# Rob's Journal (Videos and Pictures)



## Diablo1990 (Oct 4, 2006)

I have a couple main goals and they are...

--Increase my bench which is pathetically 120 x 5.
--Increase my LBM.
--Get more mass in my arms.
--Lats Bigger
--More pullups.

Some of my stats as of 9/10/06
Name: Rob
Age: 16
DOB: 5/3/90
Height: 5'9"
Weight: ~173lbs

Approximate measurements as of 9/10/06 (Inches)
Arms: L-13.25 R-13.25
Chest: 40
Forearms: L-12 R-12
Shoulders: ~44 (Don't know if this is right)
Waist: 35
Quads: L-23.5 R-24
Calves: L-16 R-15.75

Some videos of me..
Deadlifts 250 x 9 <10/08/06> (http://youtube.com/watch?v=Po0LOZbPIZo)
Romanian Deadlifts 120 x 9 <10/06/06> (http://youtube.com/watch?v=qZad_LIt0og)
ATG Squats 170 x 5 <8/22/06> (http://youtube.com/watch?v=RF_0EkmleyI)
Lat Pulldowns ? x 10 <9-27-06> (http://youtube.com/watch?v=pSMoLdLnF1A)
ATG Squats 190 x 5 <10-03-06> (http://youtube.com/watch?v=I-daapIExng)

Pictures
(8-31-06)http://www.ironmagazineforums.com/gallery/data/500/medium/8-31-06.jpg


Training Program:

Monday- Upper  	 
Bench Press 	3 X 4-6
Bent Over Row 	3 X 4-6
Military Press 	3 X 4-6
BB Shrug 	3 X 4-6
CG Bench 	3 X 4-6
DB Curl 	3 X 4-6

Tuesday-Lower 	 
Squat 	3 X 4-6
Seated Calf 	3 X 4-6
RDL Deadlift 	3 X 4-6
DB Walking Lunge 	3 X 15-20
Ab Exercise #1 	3 X 15-20
Ab Exercise #2 	3 X 15-20

Thursday- Chest/Delts/Traps
Flat DB Press 	3 X 6-10
Incline Barbell Press 	3 X 6-10
DB Flies 	3 X 6-10
DB Lateral 	3 X 6-10
1-Arm Lateral 	3 X 6-10
DB Shrug 	3 X 6-10
BB Shrug 	3 X 6-10

Friday- Back/Biceps/Triceps
Pull-Up 	3 X *
Lat Pulldown 	3 X 6-10
Reverse Lat Pulldowns 	3 X 6-10
DB Row 	3 X 6-10
DB Curl 	3 X 6-10
Skull Crusher 	3 X 6-10
Hammer Curls 	3 X 8-12
Tricep Pressdown 	3 X 8-12
***Arms are supersetted 	 

Saturday- Legs 	 
Deadlift 	3 X 4-6
Front Squat	3 X 12-15
Squats 	1 X 20
Standing Calf Raise 	3 X 12-15
1-Foot Seated Calf Raise 	3 X 12-15
Ab Exercise #1 	3 X 12-15
Ab Exercise #2 	3 X 12-15

30 minutes of low-intensity cardio after every workout.

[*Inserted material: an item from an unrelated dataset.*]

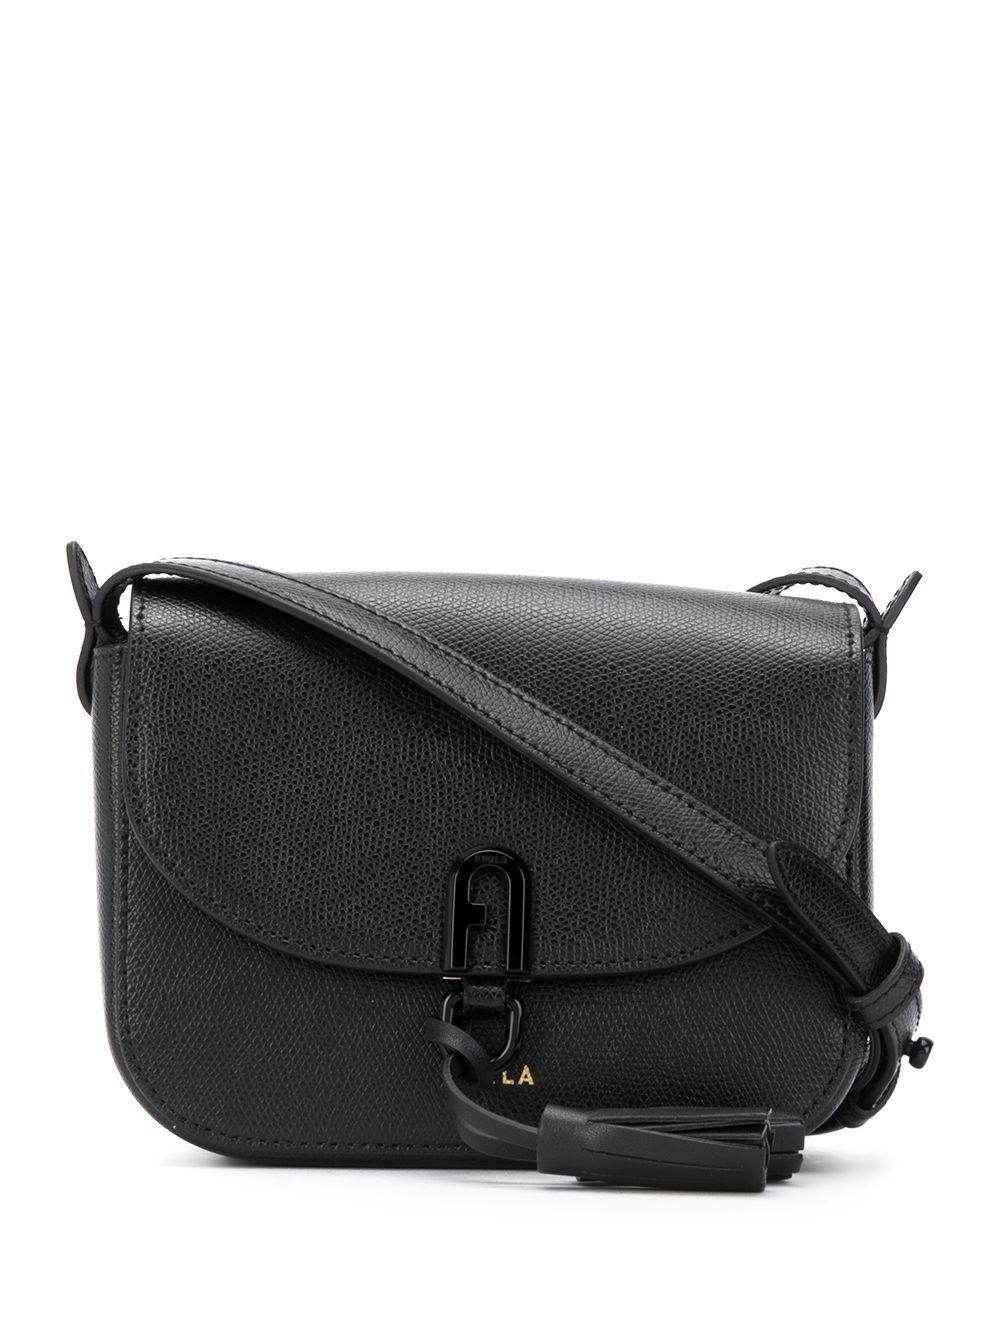 Furla Leather Tassel Detail Crossbody Bag in Black - Lyst
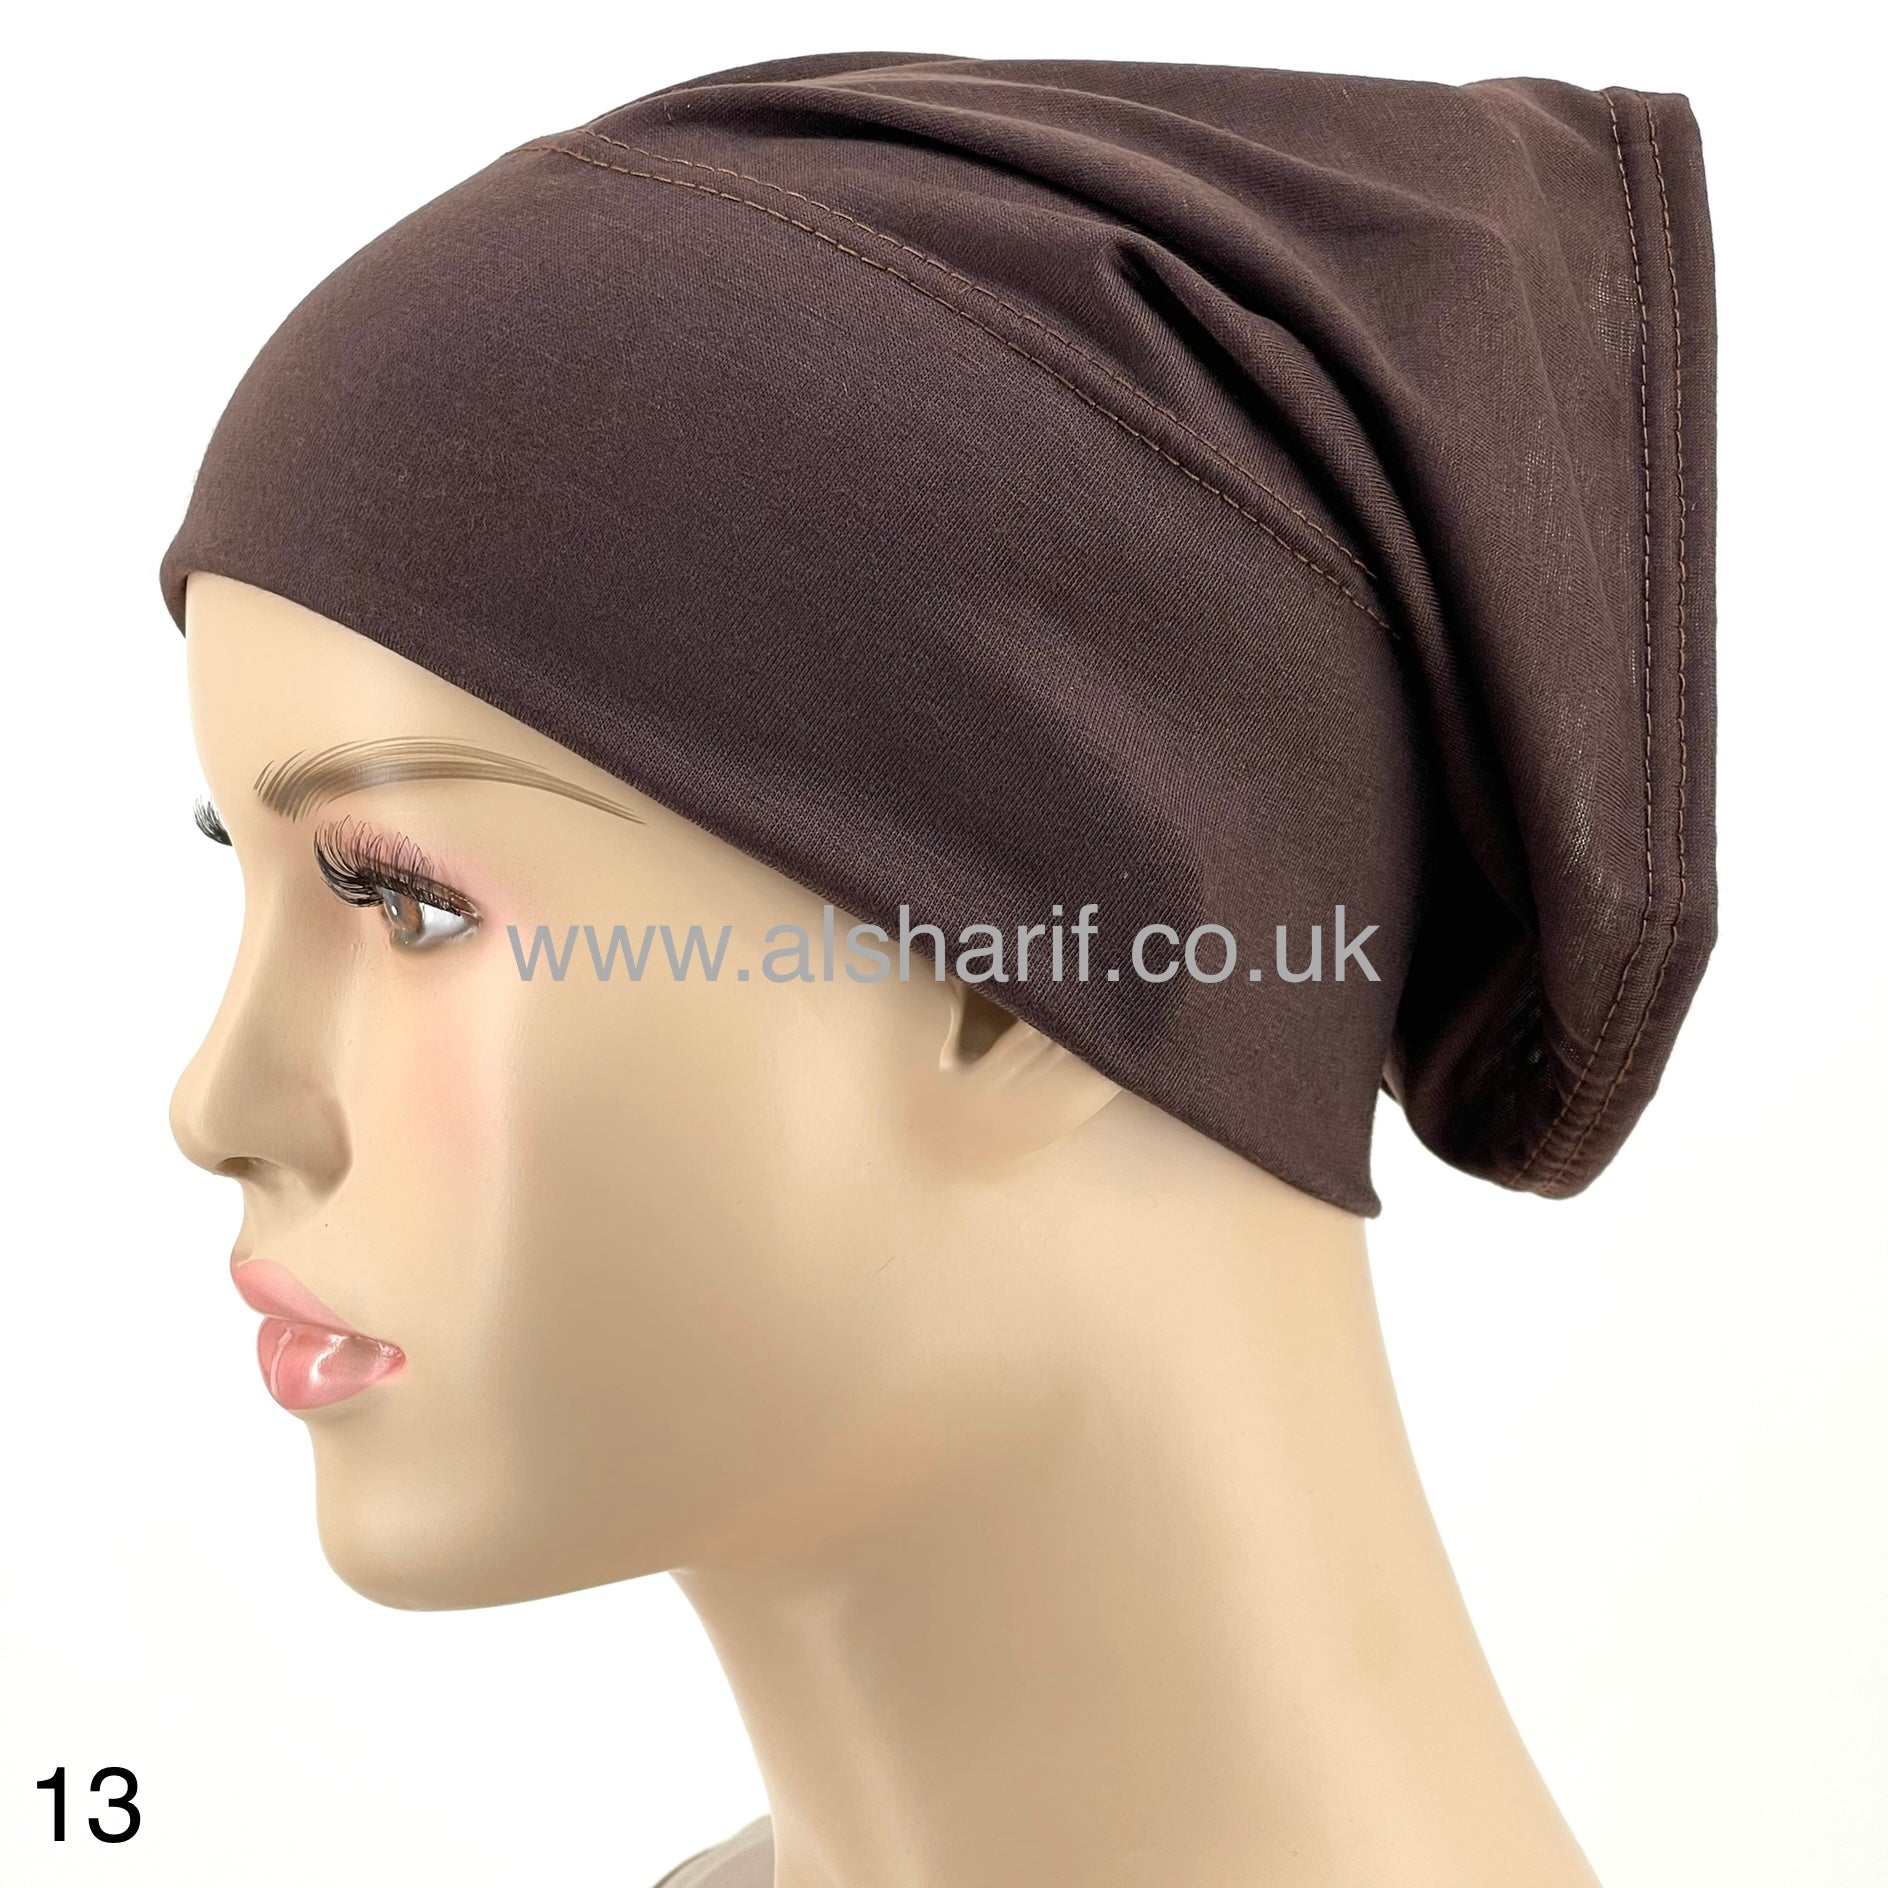 Under Hijab Tube Bonnet Cap #13

Heart rate of 130-150 bpm.


----------



## kenwood (Oct 4, 2006)

goodluck on your goals.

o my fucktard. looks at that routine


----------



## Diablo1990 (Oct 4, 2006)

I took all this time to make it and no one even looks at it besides kenwood and by the face I think he is saying it sucks.


----------



## DOMS (Oct 4, 2006)

It's pretty brave of you to post vids and such.  BTW, I watched you ATG Squats vid.  Damn, that bar doesn't veer one millimeter front or back.  


As for your workout, there's seems to be more chest than back exercises.  Odds are, you could benefit from prioritizing those muscles that you can't see.  I say this because you also have more quad exercises than hamstring exercises.

Just my two cents.


----------



## Double D (Oct 4, 2006)

Realize this, if you are wanting a big bench, you cant neglect your back because in order to get the most out of your bench you really have to have a strong back. Just trying to help.


----------



## DOMS (Oct 4, 2006)

Oh, and this journal should be primarily for _you_, not others.  So don't worry if you don't think enough people post in it.


----------



## DOMS (Oct 4, 2006)

Double D said:


> Realize this, if you are wanting a big bench, you cant neglect your back because in order to get the most out of your bench you really have to have a strong back. Just trying to help.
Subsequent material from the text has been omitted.